UPDATE 1-Con-way profit falls, says competition hurts prices
(Adds details, background, company comment)
CHICAGO Oct 23 (Reuters) - U.S. trucking and logistics company Con-way Inc (CNW.N) on Tuesday posted a lower-than-expected net profit citing pricing pressure and lower yields in a highly competitive less-than-truckload market.
The San Mateo, California-based company also gave a full-year earnings outlook that came in below Wall Street analysts forecasts.
Con-way reported third-quarter net income of $37.3 million, or 78 cents a share, compared with $63.0 million, or $1.24 a share, a year earlier.
Excluding $7.0 million or 9 cents per share in charges related to acquisition and business initiatives in the third quarter, Con-way posted EPS of 87 cents.
Wall Street analysts, on average, had expected earnings of 97 cents per share for the quarter, according to Reuters Estimates.
Less-than-truckload (LTL) operators consolidate smaller loads into a single truck.
Commenting on the results in a statement Chief Executive Doug Stotlar described the market as "price sensitive," adding that "yields remain under a pressure, a dynamic that we expect will continue to dampen profit growth in LTL freight through the remainder of the year.
For the quarter Con-way reported revenue of $1.111 billion, up from $1.076 billion a year earlier. Analysts had expected revenue of $1.114 billion.
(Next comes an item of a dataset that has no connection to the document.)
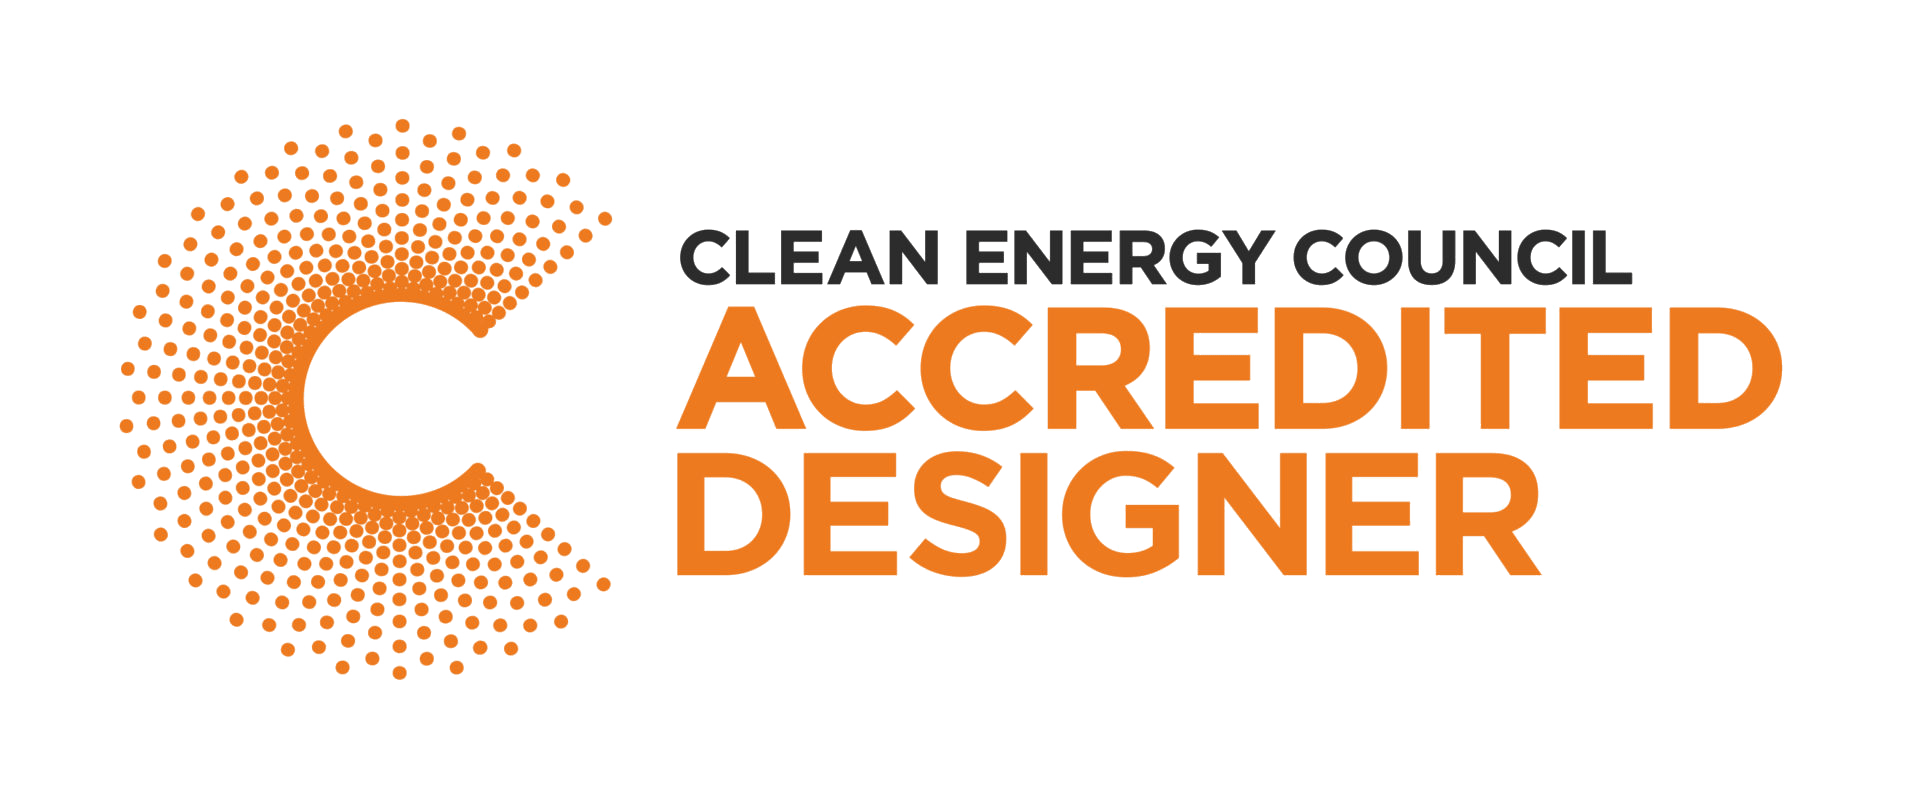 1 Clean Energy Council Accredited Designer

For the full-year Con-way said it expects EPS to be in a range from $3.07 to $3.17. The company said that forecast includes charges of 17 cents related to acquisition and business initiatives in the third and fourth quarters.
Analysts had forecast EPS for the full year of $3.47.
Con-way completed the acquisition of Joplin, Missouri-based truckload - or long-haul trucking - company Contract Freighters Inc for $750 million in August.
The U.S. trucking market has suffered from weak volumes since the third quarter of 2006, a slowdown that some analysts and industry insiders have termed a "freight recession."
That soft market has lead to many truckers to cut prices in a bid to win more business.